The reason they call them Hot shotters is they haul freight that is classified as less than a load (LTL) They haul piece frieght. They can do it quicker than a semi. They speciallize in stuff that needs to be there right now. They get paid 2-3 bucks per loaded mile.. they make pretty good money. But still have to deal with going into some strange city, making 4-5 drops... Then waiting for a dispatcher to combine another 4-6 piece pickup, which takes another day.. So many times they are in a strange city for 2 days..

I have been there done that and am sick of it..

You haul an RV to its dealer, and just hop in and drive to the next pickup point.. Sometimes that pick up point is 1200 miles back to the MFR... BUT you can drive just the truck... No trailer behind ya.. get 20 mpg.. Thats what this dodge gets running 65mph.. Ands thats all i will do..

All others have to drag the trailer along with em.. get from 7 for semis to 14 mpg for duallies...

So yes they all boast about there 2-3 buck a mile profits, but in reality there really isnt any better money than truckin in a semi or haulin rv's..

Yes some really kick butt hotshottin as well as some truckers do really well.. but for the most part we all make about the same money at the end of the year..

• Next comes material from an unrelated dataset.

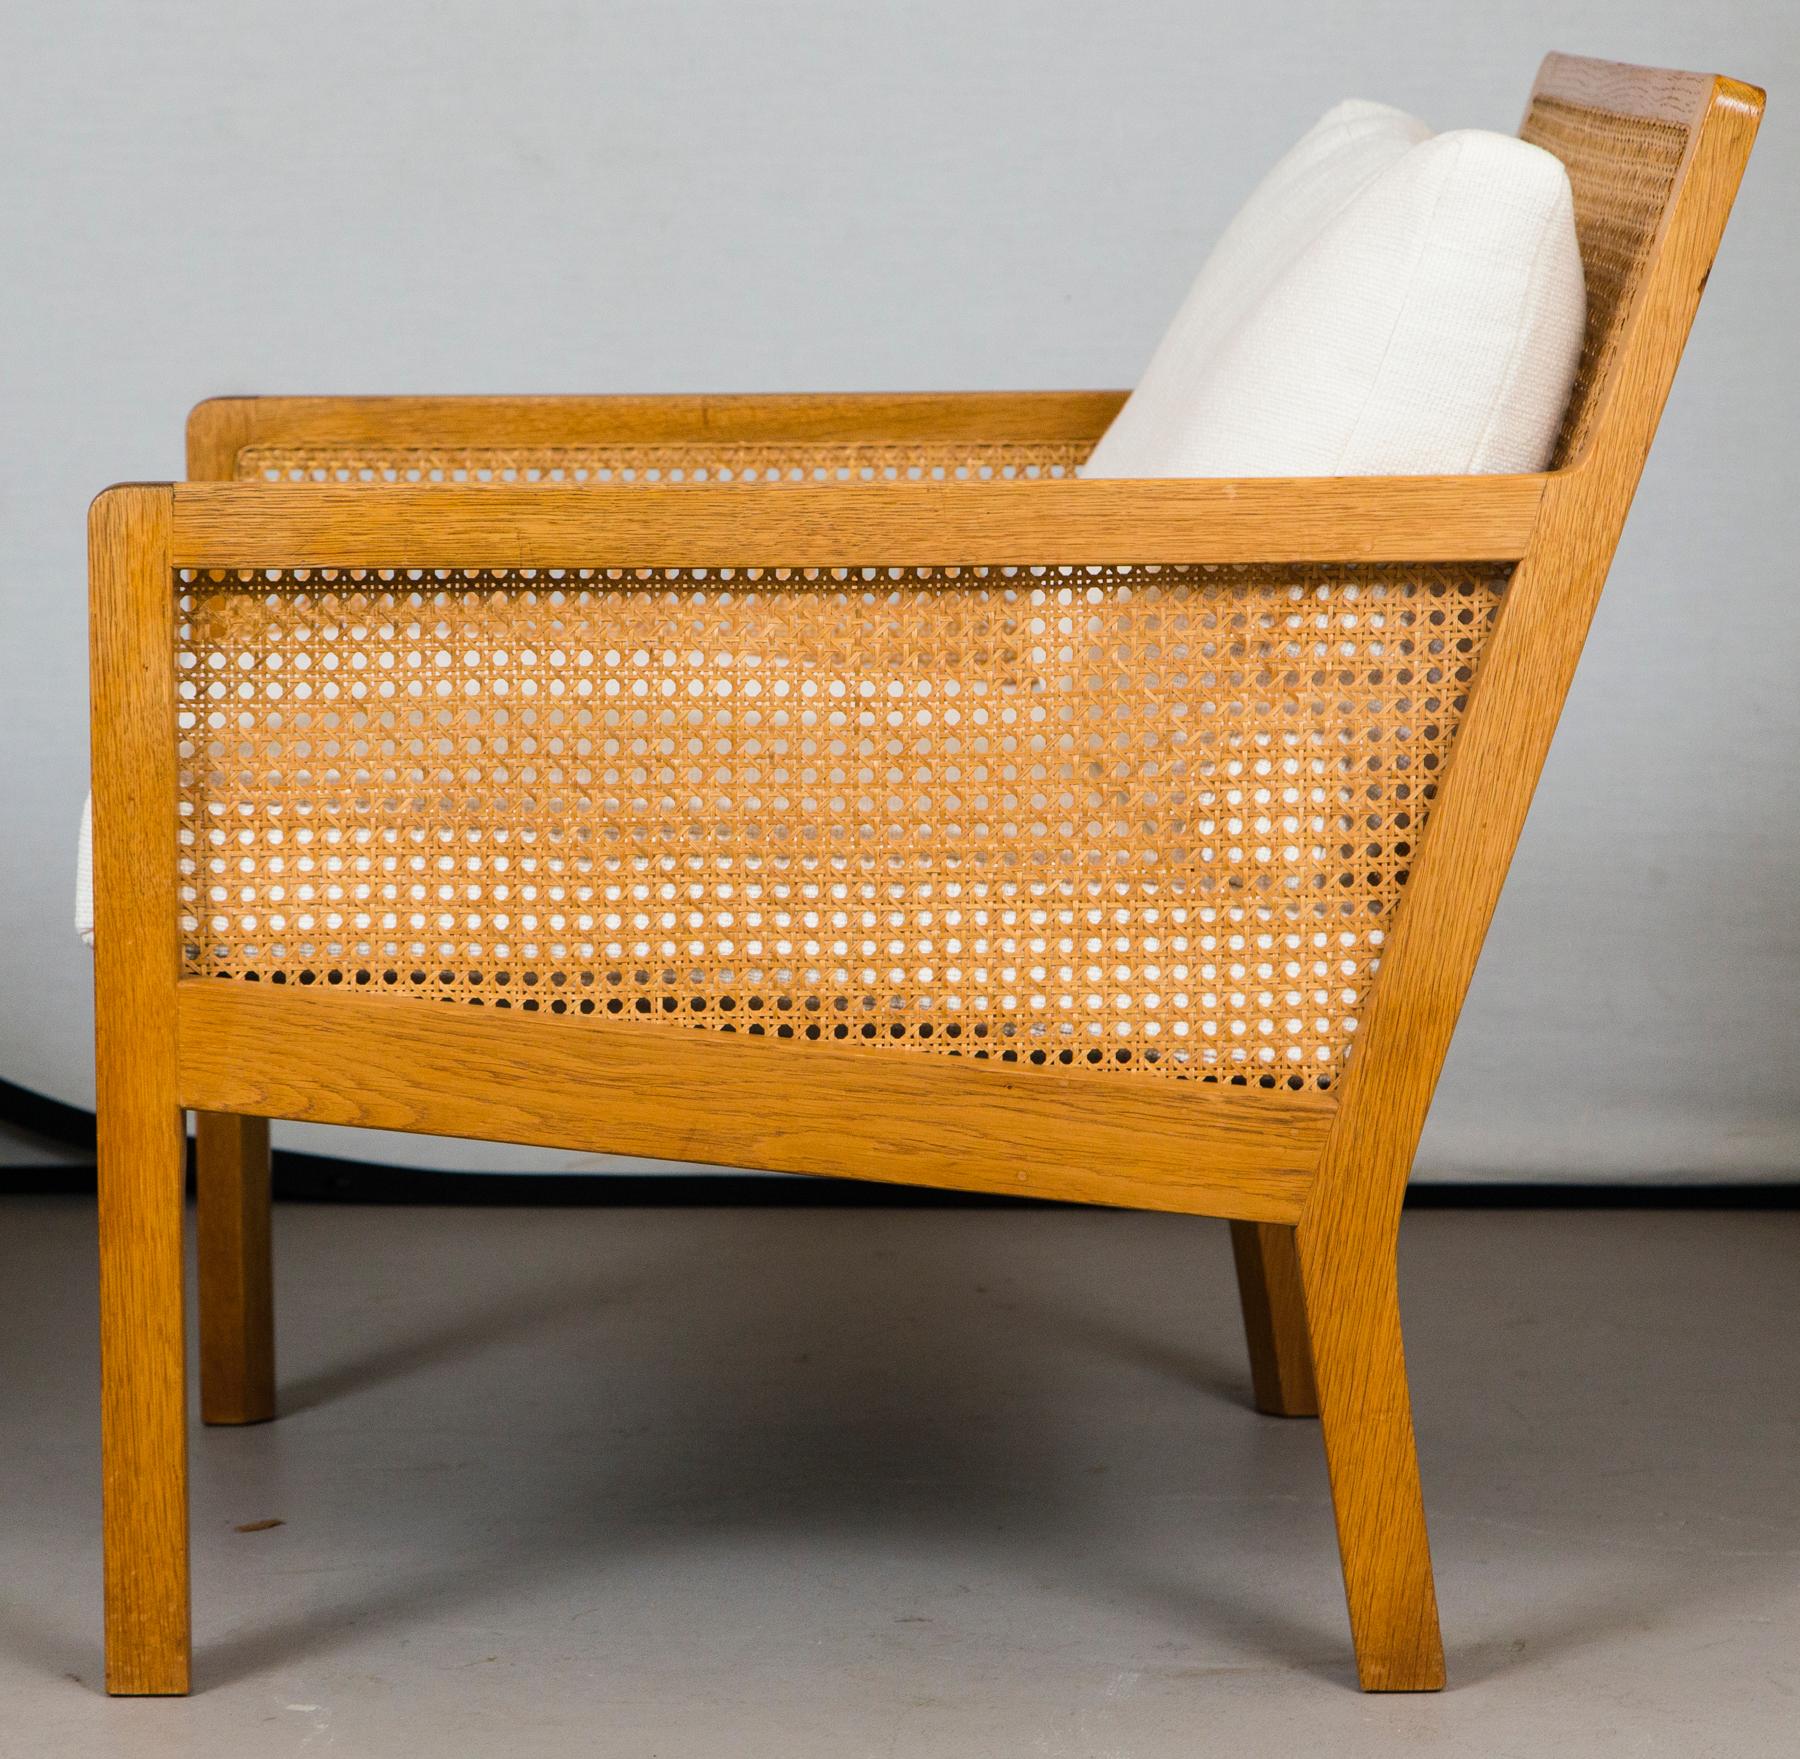 Mid-20th Century Pair of Bernt Petersen Caned Lounge Chairs Reupholstered in White Maharam Linen
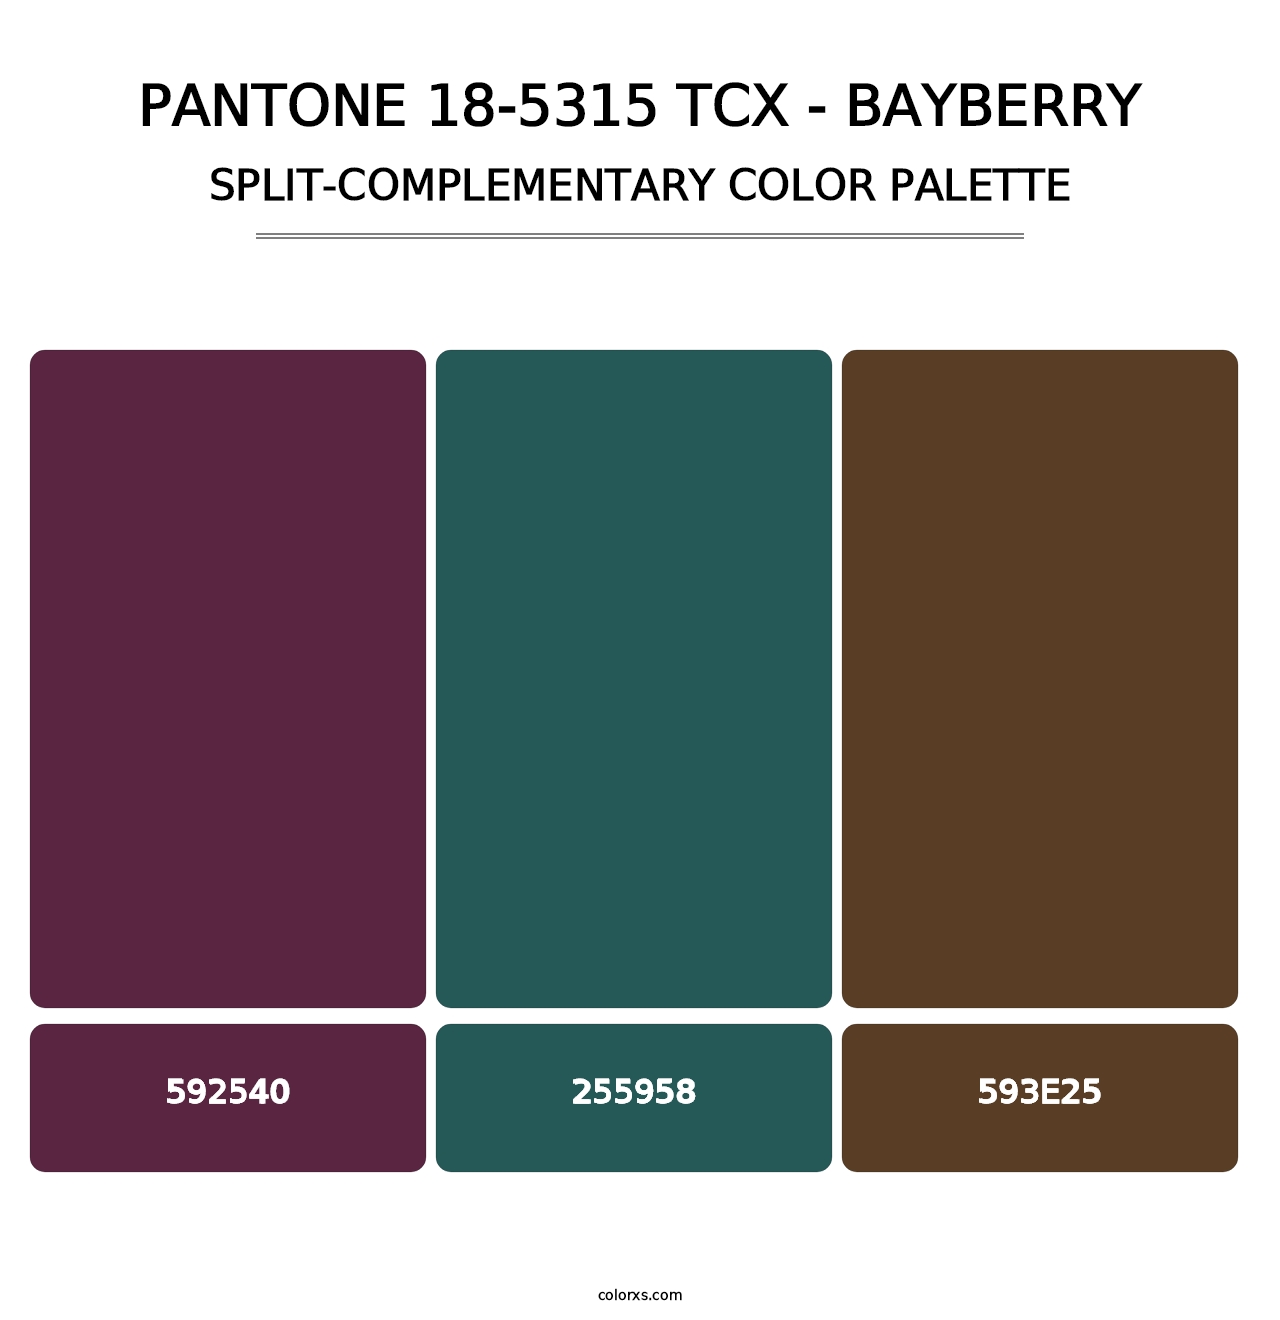 PANTONE 18-5315 TCX - Bayberry - Split-Complementary Color Palette

But the way, my insurance is a 500k policy that is commercial non-trucking.. 50 bucks a month.
Hotshotters pay 6-8000 a year cause they have to have cargo insurance... In the RV biz, the company you work for pays the cargo insurance on the trailer..

The expenses are less haulin rv's, but you get paid less too..

I hate sitting in some strange city waiting for a load.. I LOVE driving.. In the RV biz all you do is drive.. very lil sitting and waiting for the next load..

So who knows.. I do know I will be able to talk to lots of people and thats why I'm doing this... Thats all i really care about.. I am sure I can pay my bills.. I have only been working 2-3 days a week all winter cause I wanted to work on my hitch.. Made it just fine..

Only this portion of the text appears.